I have come across a handful of malicious packages. Based on the reading the code I do not think authors are very professional - looked more of a script kid quality. Maybe there is no plan. Maybe teens are just fooling around.
If you come across a malicious package you can send a take down request at:
It's a bit ridiculous that setup.py allows you to run custom code on install. Granted, even without this you would run the malware the latest when you import the module. But I've had all kinds of trouble from packages with too smart setup.py scripts. The best Python packages are just "xcopyable", meaning self-contained in a directory that you can just drop in the PYTHONPATH. Or if you really need a binary component, include binaries (plus a simple compilation step for other platforms) on PyPI.
> It's a bit ridiculous that setup.py allows you to run custom code on install.
Agreed! The good news is that it's slowly getting better: just yesterday[1], setuptools added support for PEP 660[2], which removes one of the last remaining reasons to use a `setup.py` instead of a fully declarative `pyproject.toml`.
Edit: Also, just to qualify: this is a consistent problem across packaging ecosystems. Even system package managers (reasonably!) allow custom code during installation, e.g. to add service hooks and update locale files.
I actually wrote a Python tool for downloading binary releases from GitHub and Gitea and wrote a “builder” module that can be used in a pyproject file to tell it to download an arbitrary binary and run some commands.
> Perhaps spit a scary sounding security warning for all packages which use a setup.py?
This would be nice, but there's probably too many practical barriers to this. For example, you can't (easily) replace `setup.py`'s dynamism for packages that contain native packages: they need to be able to spawn compilers, etc. and do so in ways that are hard to describe declaratively.
We probably don't want to provide a security warning on every native non-wheel package, so that's a no-go for the time being.
Should start with a warning, and move after one year to users having confirm that they allow pqckqges to execute setup.py and ultimatrly not allow it any more.
This would probably break too much of the ecosystem, since many top Python packages include native extensions that can only be built with a dynamic `setup.py`.

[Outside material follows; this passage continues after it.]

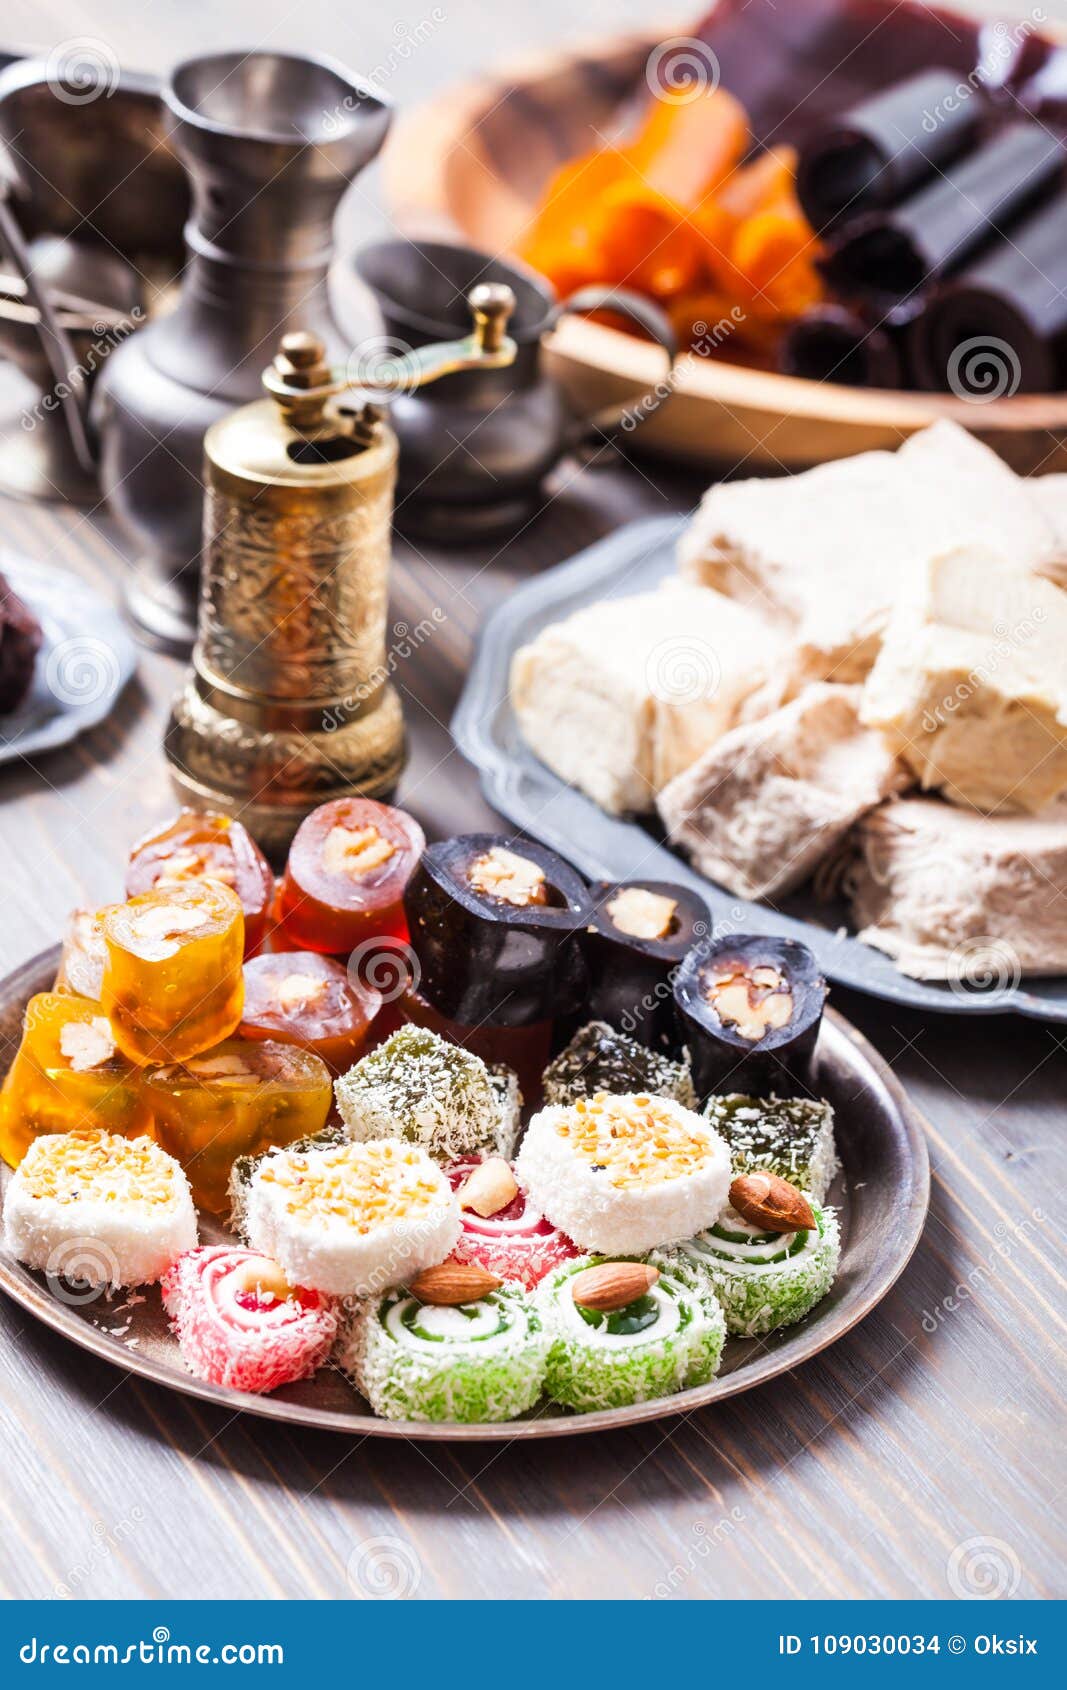 Turkish Delight Rahat Lokum Stock Photo - Image of rahat, group: 109030034

Wheels are solving that problem, but it's likely going to be many years before warning about `setup.py` is reasonable and not disruptive to the majority of legitimate users.
Could we perhaps sandbox any such compilation steps within a container and then copy out the resulting artifact(s), with a hook that does some security scanning?

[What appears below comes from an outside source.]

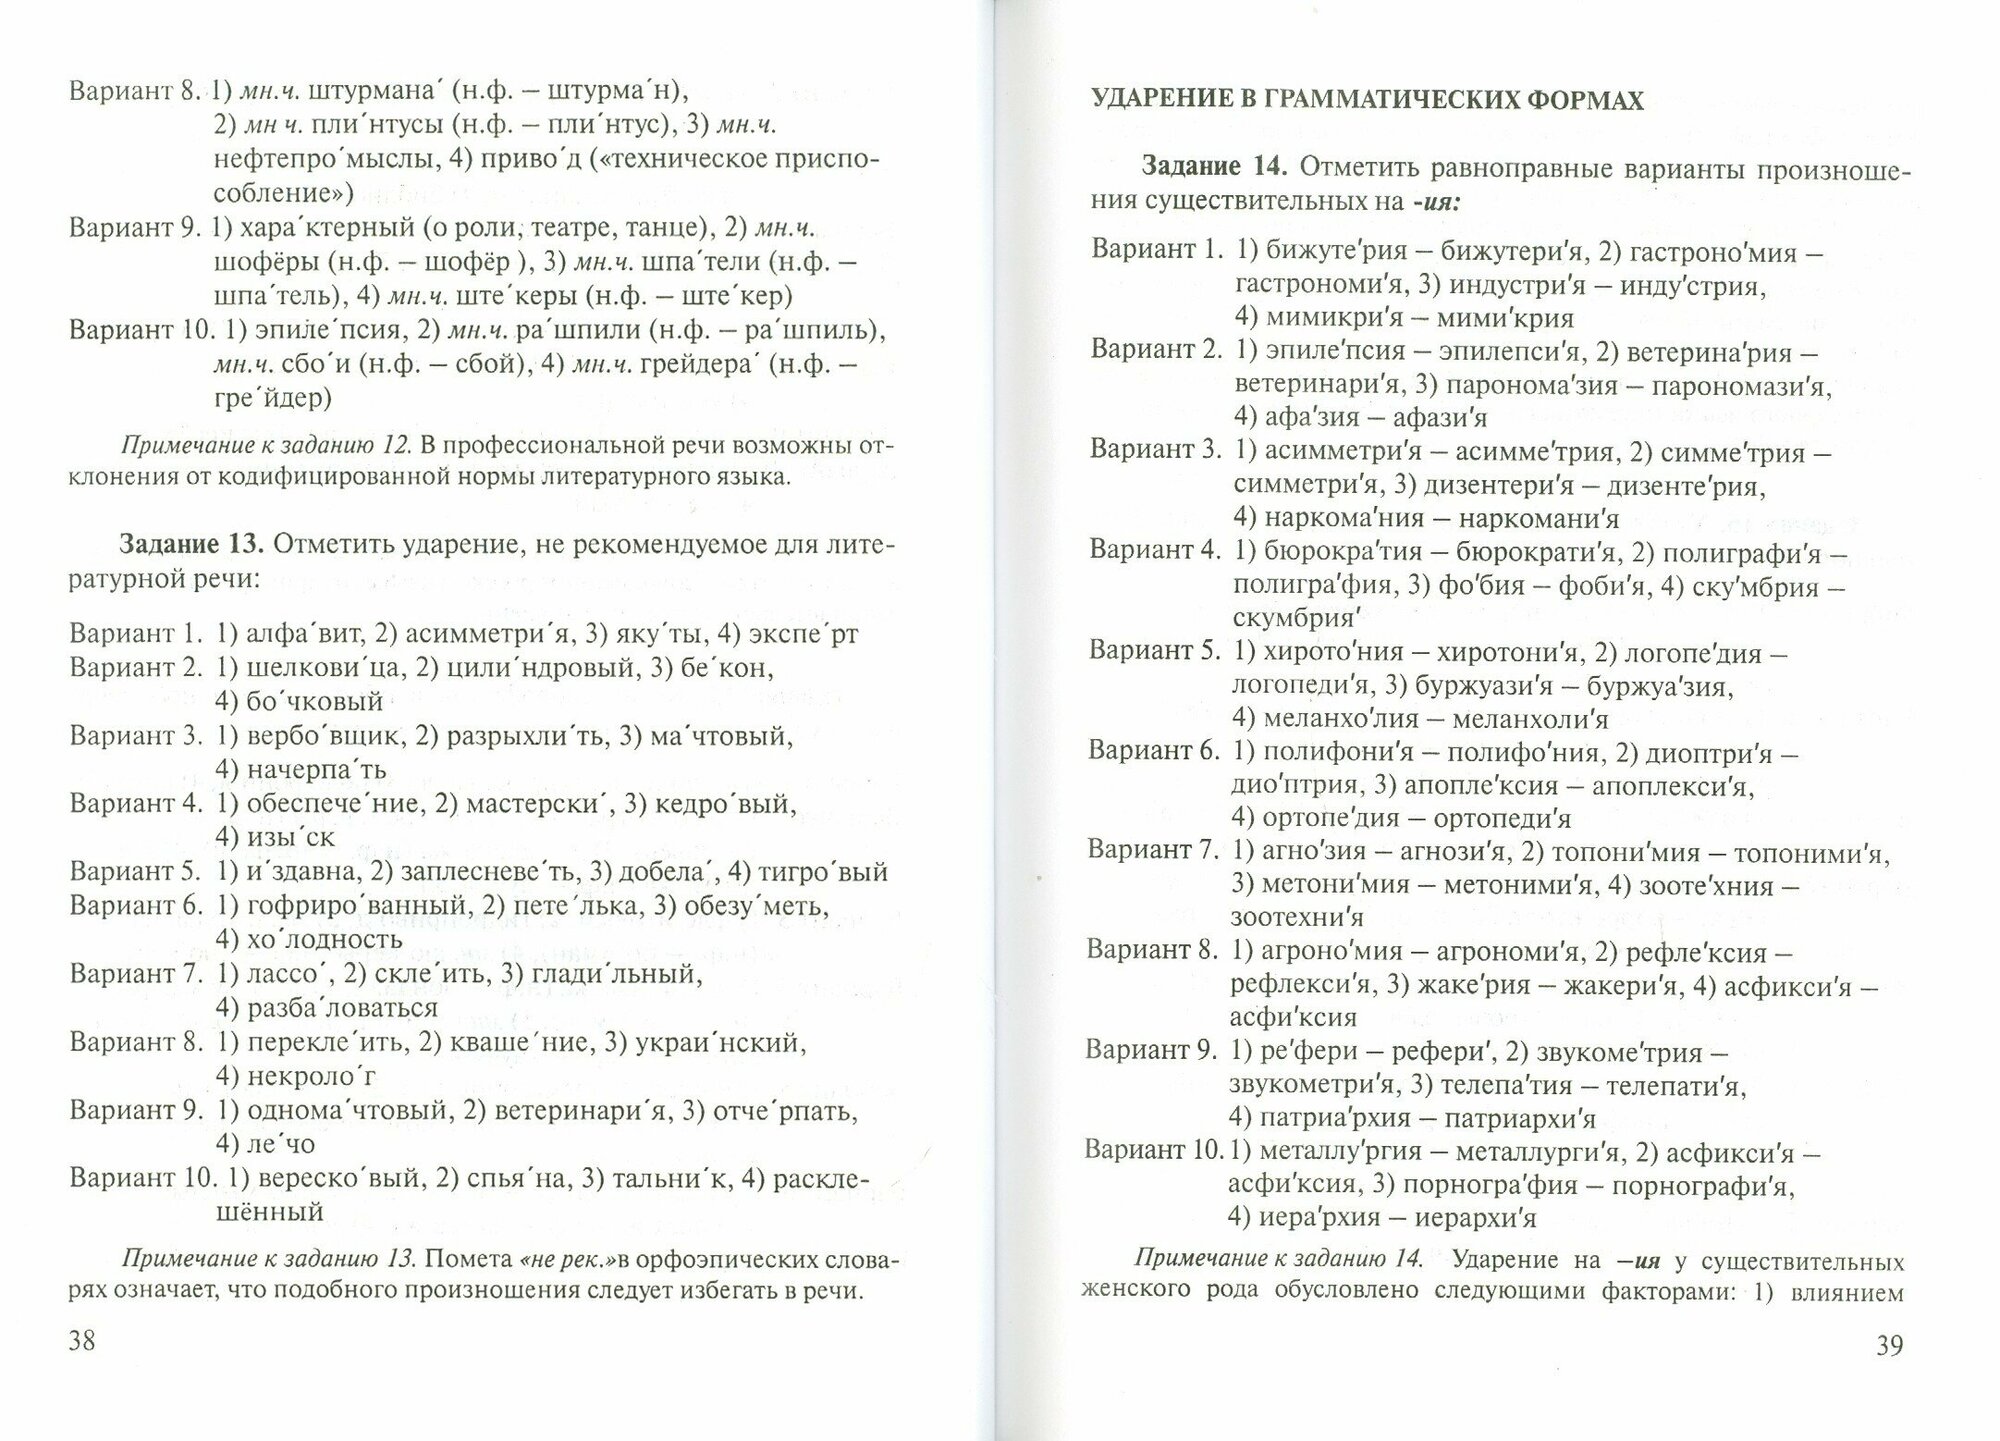 Русский язык. Нормы произношения и ударения - фото №3

This is hard to do in the general case: the compilation steps often need system dependencies or to otherwise query system state to do the right thing, which means that the sandbox has to accurately reflect the host.
In terms of hooks, audit hooks and events[1] get us some of the way there. But they can be circumvented as well; I wouldn't rely on them for untrusted code.
I published my first Python code in a while using a pyproject.toml and it was amazingly simple. As someone who was doing Rust for a while I really feel like they're learning from the modern ecosystems very well.
Follow the setuptools doc [1], it's very easy and there's an example you can start from. It links to PEP 621 [2] which seems to be the specification if that can help.
> It's a bit ridiculous that setup.py allows you to run custom code on install.
In Rust it's "worst", you can run custom code at compile time. But IMO the issue is that we are optimizing everything for convenience at the cost of security. The compile/install custom code wouldn't be an problem if each dependencies was pinned and audited.
PyPI requiring 2 factors authentication on "popular" projects will help, but this will not replace the needs for auditing, vetting and pinning.
I'm convinced that, while it's bad policy, there's no real effect - the first thing you do upon installing a new dependency is import it, and importing it... Runs arbitrary code.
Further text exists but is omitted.